What a shame  A comforting thought that she was at home and comfy in her own bed


----------



## Mikemoss (Sep 5, 2005)

So very sorry to hear this news Dave. I've never met you, but I share your grief at the loss of a much-loved friend and companion.

Hope you find happier days ahead soon.


----------



## zulurita (May 9, 2005)

So sorry Dave. At least Beauty passed away at home peacefully in her bed. She probably missed Barney, so they are now reunited.

It is tough for us owners as we miss them so much.


----------



## MrsW (Feb 8, 2009)

So sorry to hear your sad news Dave. You've really been through the mill recently. I do hope things improve for you!


----------



## Penquin (Oct 15, 2007)

Words cannot express the feelings of sadness that you will be experiencing.

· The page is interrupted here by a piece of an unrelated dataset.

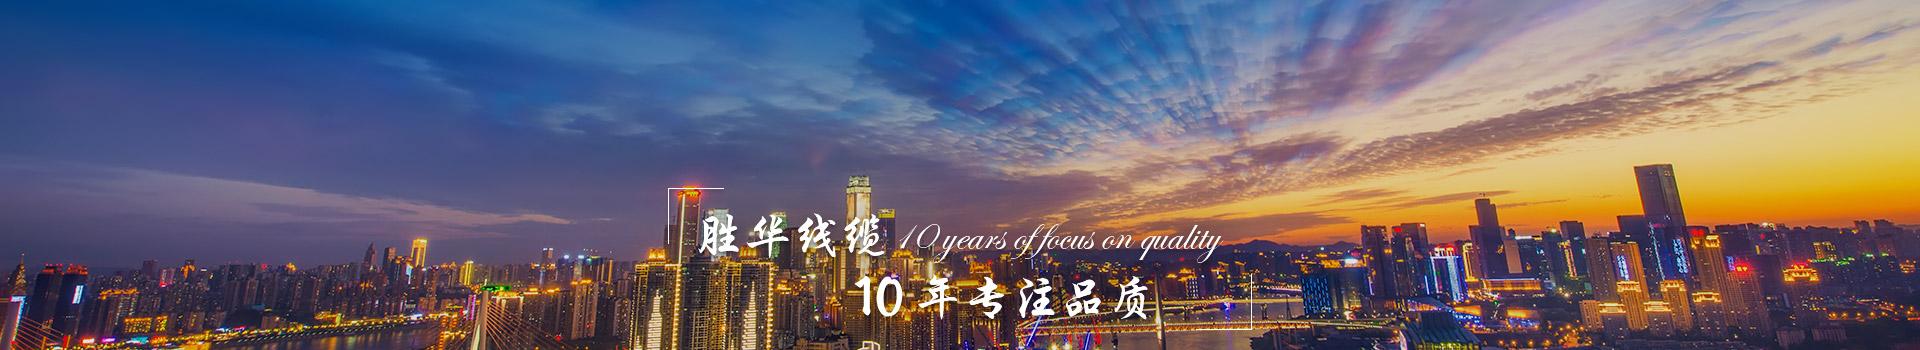 wwwyzc88官网亚洲城ca88电脑版官网厂家

So I will not try; our thoughts are with you.

Dave


----------



## CurlyBoy (Jan 13, 2008)

Dave,Our thoughts and sympathy are with you at this very sad time,still grieving for the loss of Jag last week,so know how you are feeling.
curlyboy


----------



## aldra (Jul 2, 2009)

Dave sorry to hear that Beauty has passed away

Running free with Barney now

Thinking of you

Sandra


----------



## Hezbez (Feb 7, 2009)

Sorry to hear your (latest) bad news Dave.
RIP Beauty and Barney


----------



## Suenliam (Mar 22, 2006)

All their lives together and still together. Can't imagine how you must be feeling just now. The only saving grace is that it must get better now.

Run free little ones

Sue


----------



## rowley (May 14, 2005)

You are going through a really sad time at the moment Dave. Thoughts are with you.


----------



## richardjames (Feb 1, 2006)

What a sad time for you at the moment - my thoughts are with you


----------



## forterotwins (Feb 25, 2008)

I know how hard it is to lose a beloved pet. We lost Our Jake in December after 16 years. The following poem has given me a lot of comfort over the last few months, I hope it brings you some comfort too.

Weep not for me though I am gone into that gentle night
Grieve if you will, but not for long upon my soul's sweet flight.
I am at peace, my soul's at rest, there is no need for tears.
For with your love I was so blessed for all those many years.
There is no pain, I suffer not, the fear now all is gone.
Put now these things out of your thoughts, in your memory I live on.
Remember not my fight for breath, remember not the strife
Please do not dwell upon my death, but celebrate my life.


----------



## Sprinta (Sep 15, 2010)

**** **** **** **** sad times Dave, so sorry. My thoughts are with you


----------



## Zube (May 27, 2008)

So sorry to hear your news - a dreadful time for you at the moment. Try to remember all the good times with them. I know how you are feeling as we lost our Barney earlier this year and still feel the pain.

Take care Sue


----------



## LadyJ (May 9, 2005)

Sorry to hear your sad news Dave, Run Free Beauty xx



Jacquie


----------